National ID: Better or Worse Security?
Would a national identity card provide better security than what you can buy in Times Square? Oracle's Larry Ellison and civil liberties lawyer Alan Dershowitz, among others, think so. But even if such an ID were harder to obtain, surely it would not be very difficult for a determined criminal. Aren't sufficiently authentic-looking passports, drivers licenses, and currency in circulation today?
The insecure security systems I encountered in New York City had everything to do with guards who had no particular thing they were charged to look for, and the inevitable boredom and laxity of doing the same thing all day. George Washington University Law School professor Jeffrey Rosen, in an October article in The New York Times, reported the same thing in an examination of street camera surveillance systems in London.
By creating a single system of identification, especially one that doesn’t require alertness, we risk reducing security, not increasing it. Once one has a card, one easily gets through doors that might otherwise be blocked. No one can look at cards for four hours straight and continue to examine them closely. My card described a husky short black-haired individual, all fine qualities, none of which are mine.
If what is needed is a card that reliably connects a name to a photo, that card need not be a national ID. What could serve that purpose are simple federal guidelines for drivers licenses, to ensure that some of the same information was on all of them, and that they were all photo IDs (my New Jersey license, for example, is not). Such guidelines have been proposed for some time now. (And many states already permit nondrivers to receive a license-like ID card through their motor vehicle departments.)
ID cards and ID systems
The national ID card that database manufacturer Larry Ellison wants is only the front end to a national ID system that has a database behind the card. The card connects a picture and physical description (such as race, age, height) to a name, and both are then connected to a unique identifier, such as a fingerprint or iris scan. The database requires a unique number, such as a social security number, and it’s inevitable that it appear on the card as well–every proposal for a national ID card has included one.
The problems and temptations involving such a project are great. The database itself is a sitting duck for careless or greedy clerks, even in the unlikely event it could resist hacker attacks. More and more information will get aggregated–surely the medical community will want our known allergies added and emergency contact information as well. Credit and other financial agencies will use the unique number to improve their databases. Everyone from supermarkets to magazine subscription agencies will join in.

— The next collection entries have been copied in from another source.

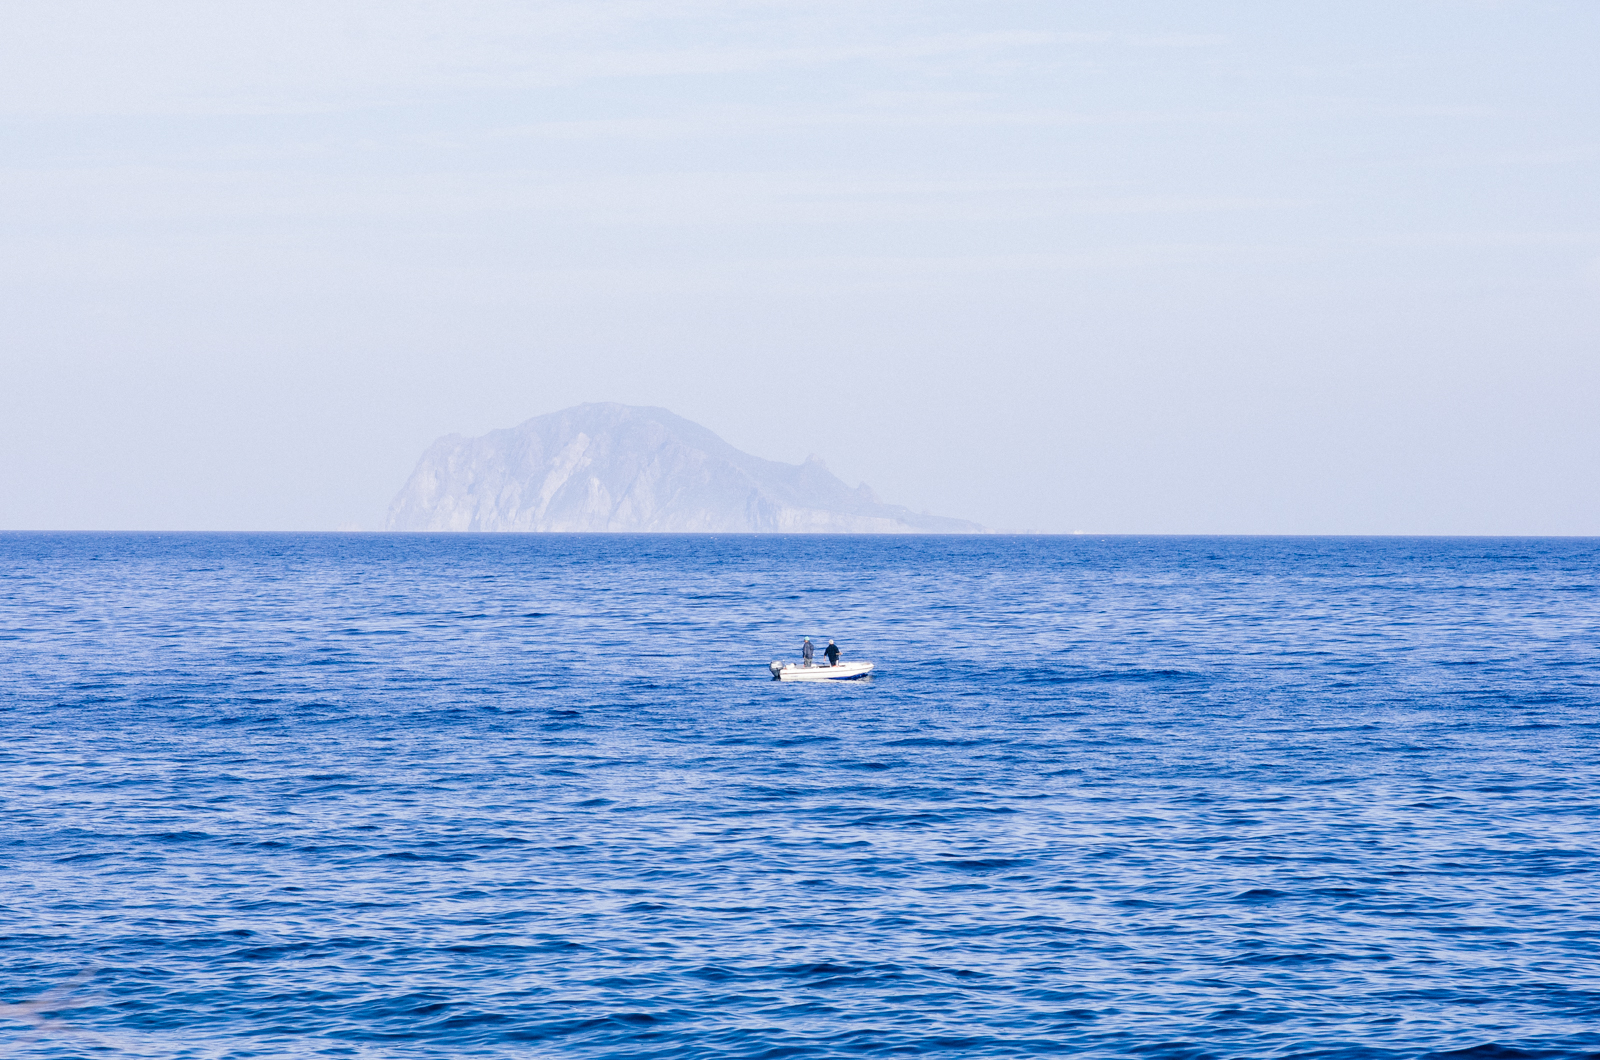 Salina - îles éoliennes - pêche dans la mer tyrrhénienne
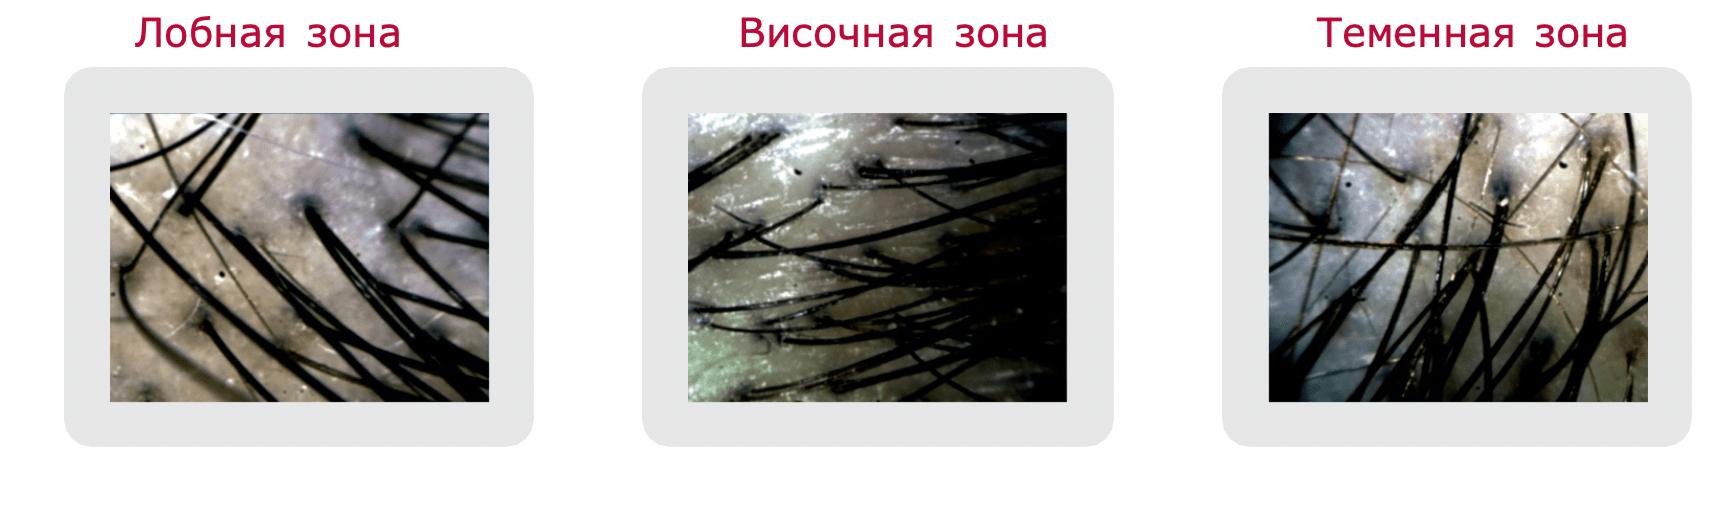 Шампунь для стимуляции роста волос для женщин crescina hfsc 100
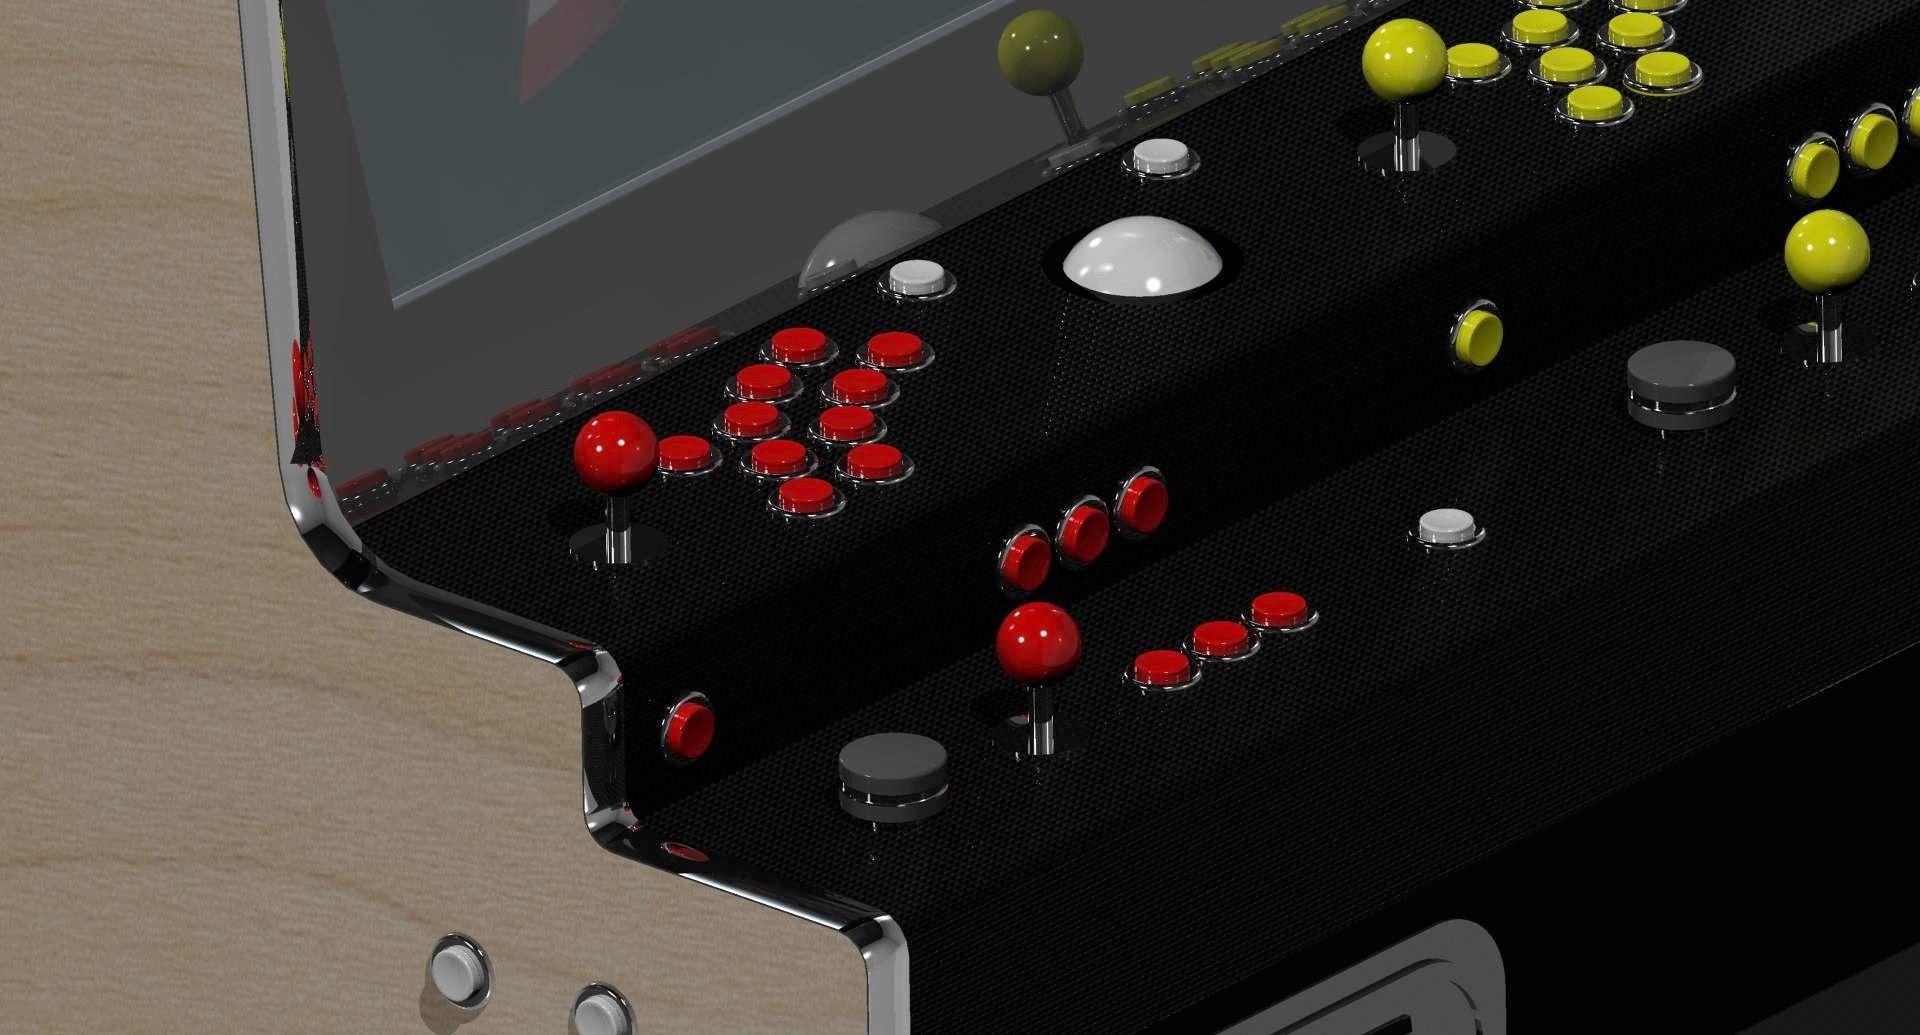 Игровые автоматы в офисе казино и рояль смотреть онлайн

Why allow a convicted pedophile to enter a children’s museum? Why allow a parent who is behind on child-support payments to buy $90 theatre tickets?
The potential usefulness of such a system will be irresistible. Europeans, with genuine and effective privacy protections, are, perhaps, immune to such charms. But the relentlessly efficient U.S. marketplace has wanted for 40 years to eliminate the information friction that privacy laws are designed to instill.
Alan Dershowitz suggests that the card can be voluntary. Such a card would be voluntary, though, only in what we might call the Robert Crandall sense of the term. Crandall, the retired chairman of American Airlines, recently suggested that air travelers use a "smart card," which would be obtained only after an extensive background check. "If somebody says, 'I don't want you to be able to have my fingerprints,’ " he said, "that's not a problem, you don't have to do that. But you can't fly."